(Supplied data Opens)

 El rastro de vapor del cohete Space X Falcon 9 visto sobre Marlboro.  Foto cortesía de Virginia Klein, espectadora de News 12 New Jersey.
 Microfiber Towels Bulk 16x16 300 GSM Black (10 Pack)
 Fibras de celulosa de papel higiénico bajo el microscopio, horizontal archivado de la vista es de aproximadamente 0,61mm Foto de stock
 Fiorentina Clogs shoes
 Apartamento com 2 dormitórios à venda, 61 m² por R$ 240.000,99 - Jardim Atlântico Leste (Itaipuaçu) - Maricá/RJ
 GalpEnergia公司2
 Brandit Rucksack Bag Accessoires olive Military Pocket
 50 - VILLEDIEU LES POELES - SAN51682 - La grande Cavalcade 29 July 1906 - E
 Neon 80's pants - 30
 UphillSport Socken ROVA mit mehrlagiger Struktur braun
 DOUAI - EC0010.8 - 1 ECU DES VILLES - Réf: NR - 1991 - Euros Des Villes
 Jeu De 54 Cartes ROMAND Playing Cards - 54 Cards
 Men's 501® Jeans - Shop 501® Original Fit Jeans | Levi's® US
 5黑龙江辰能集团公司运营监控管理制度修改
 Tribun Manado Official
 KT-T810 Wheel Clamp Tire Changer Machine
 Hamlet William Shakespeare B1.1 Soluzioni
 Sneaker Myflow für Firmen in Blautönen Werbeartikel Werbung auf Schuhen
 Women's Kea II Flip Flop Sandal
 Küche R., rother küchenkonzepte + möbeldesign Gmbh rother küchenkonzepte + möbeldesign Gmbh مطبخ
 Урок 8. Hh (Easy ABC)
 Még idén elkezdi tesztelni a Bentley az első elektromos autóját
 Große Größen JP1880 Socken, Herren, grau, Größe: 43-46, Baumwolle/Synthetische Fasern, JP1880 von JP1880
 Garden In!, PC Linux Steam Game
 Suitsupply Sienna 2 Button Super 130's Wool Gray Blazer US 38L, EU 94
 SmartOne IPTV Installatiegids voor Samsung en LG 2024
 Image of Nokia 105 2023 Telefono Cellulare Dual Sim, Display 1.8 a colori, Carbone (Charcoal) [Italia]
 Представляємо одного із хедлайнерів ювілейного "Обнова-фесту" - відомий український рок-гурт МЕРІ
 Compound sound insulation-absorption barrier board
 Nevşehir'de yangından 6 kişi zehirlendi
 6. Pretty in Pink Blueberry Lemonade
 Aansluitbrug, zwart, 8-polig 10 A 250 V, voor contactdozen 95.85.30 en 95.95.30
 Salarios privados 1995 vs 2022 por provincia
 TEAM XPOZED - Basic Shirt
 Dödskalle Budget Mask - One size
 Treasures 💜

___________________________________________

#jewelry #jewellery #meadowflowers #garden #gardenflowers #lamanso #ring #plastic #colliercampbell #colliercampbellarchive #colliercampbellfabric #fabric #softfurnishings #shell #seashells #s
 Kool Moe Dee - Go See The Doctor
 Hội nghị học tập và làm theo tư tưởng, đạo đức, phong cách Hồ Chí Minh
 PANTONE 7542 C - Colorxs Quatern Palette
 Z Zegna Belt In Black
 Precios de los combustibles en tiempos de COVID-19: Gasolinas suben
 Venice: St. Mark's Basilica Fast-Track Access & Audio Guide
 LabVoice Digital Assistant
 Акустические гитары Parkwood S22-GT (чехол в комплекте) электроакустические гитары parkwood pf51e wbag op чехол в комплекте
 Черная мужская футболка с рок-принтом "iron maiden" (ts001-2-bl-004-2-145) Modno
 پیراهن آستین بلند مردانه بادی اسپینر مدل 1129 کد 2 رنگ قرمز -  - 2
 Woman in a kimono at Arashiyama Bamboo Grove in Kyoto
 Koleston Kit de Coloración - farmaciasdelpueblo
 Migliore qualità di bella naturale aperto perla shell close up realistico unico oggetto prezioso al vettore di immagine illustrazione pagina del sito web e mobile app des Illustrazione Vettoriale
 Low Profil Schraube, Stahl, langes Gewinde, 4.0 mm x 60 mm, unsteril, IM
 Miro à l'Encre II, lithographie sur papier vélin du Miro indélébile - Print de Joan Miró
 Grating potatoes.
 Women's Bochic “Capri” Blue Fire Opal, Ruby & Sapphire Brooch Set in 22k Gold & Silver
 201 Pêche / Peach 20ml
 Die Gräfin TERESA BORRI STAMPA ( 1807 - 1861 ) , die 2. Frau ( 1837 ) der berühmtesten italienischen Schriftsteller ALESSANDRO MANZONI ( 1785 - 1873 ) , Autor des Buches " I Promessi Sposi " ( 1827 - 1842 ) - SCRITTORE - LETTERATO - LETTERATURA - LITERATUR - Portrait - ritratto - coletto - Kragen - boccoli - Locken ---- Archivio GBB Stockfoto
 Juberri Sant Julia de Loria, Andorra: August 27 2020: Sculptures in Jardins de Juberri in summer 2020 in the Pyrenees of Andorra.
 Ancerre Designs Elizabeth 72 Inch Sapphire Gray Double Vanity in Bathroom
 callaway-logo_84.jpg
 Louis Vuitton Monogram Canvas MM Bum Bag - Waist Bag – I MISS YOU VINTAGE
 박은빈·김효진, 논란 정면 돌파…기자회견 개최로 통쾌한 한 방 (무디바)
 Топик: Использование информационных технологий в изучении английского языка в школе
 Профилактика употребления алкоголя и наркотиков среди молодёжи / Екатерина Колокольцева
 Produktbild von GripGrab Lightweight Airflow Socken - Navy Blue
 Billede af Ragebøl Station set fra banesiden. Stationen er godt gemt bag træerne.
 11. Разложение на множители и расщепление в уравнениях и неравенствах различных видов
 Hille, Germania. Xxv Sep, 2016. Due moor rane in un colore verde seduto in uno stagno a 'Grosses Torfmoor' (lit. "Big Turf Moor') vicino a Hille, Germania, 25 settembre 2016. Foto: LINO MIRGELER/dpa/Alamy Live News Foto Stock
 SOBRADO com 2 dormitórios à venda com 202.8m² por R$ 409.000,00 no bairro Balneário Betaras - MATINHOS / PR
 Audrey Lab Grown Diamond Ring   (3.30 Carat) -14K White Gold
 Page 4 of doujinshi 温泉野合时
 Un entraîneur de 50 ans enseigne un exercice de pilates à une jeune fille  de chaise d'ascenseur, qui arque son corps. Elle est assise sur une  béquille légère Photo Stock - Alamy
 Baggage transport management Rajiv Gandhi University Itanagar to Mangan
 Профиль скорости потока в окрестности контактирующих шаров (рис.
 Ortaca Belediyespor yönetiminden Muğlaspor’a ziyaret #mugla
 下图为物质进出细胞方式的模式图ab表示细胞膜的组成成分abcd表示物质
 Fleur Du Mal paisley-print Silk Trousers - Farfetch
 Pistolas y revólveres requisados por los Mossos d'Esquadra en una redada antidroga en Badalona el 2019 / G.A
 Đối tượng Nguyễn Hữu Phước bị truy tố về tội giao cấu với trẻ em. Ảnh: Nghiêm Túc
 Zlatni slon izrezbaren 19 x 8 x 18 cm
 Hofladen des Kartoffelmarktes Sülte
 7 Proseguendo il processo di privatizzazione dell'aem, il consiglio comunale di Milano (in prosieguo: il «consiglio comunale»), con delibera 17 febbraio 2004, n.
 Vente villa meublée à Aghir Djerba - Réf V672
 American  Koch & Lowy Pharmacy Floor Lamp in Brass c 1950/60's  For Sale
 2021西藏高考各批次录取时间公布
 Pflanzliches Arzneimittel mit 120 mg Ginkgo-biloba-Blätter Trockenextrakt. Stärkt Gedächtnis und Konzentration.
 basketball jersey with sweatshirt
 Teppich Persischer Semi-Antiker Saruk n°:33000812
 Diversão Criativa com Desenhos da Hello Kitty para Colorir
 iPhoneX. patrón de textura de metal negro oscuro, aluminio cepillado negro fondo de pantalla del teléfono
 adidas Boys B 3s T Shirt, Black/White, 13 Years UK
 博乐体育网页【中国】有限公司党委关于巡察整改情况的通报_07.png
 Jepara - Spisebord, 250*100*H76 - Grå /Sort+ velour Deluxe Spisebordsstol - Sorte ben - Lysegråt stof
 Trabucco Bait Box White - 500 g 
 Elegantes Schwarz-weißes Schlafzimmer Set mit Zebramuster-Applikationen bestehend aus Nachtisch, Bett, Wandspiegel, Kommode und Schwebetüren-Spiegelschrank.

(Supplied data Closes)

Assignment> Wherever a line of the records above contains the string "Sapphire", copy that line out.

Completed exercise>
 Women's Bochic “Capri” Blue Fire Opal, Ruby & Sapphire Brooch Set in 22k Gold & Silver
 Ancerre Designs Elizabeth 72 Inch Sapphire Gray Double Vanity in Bathroom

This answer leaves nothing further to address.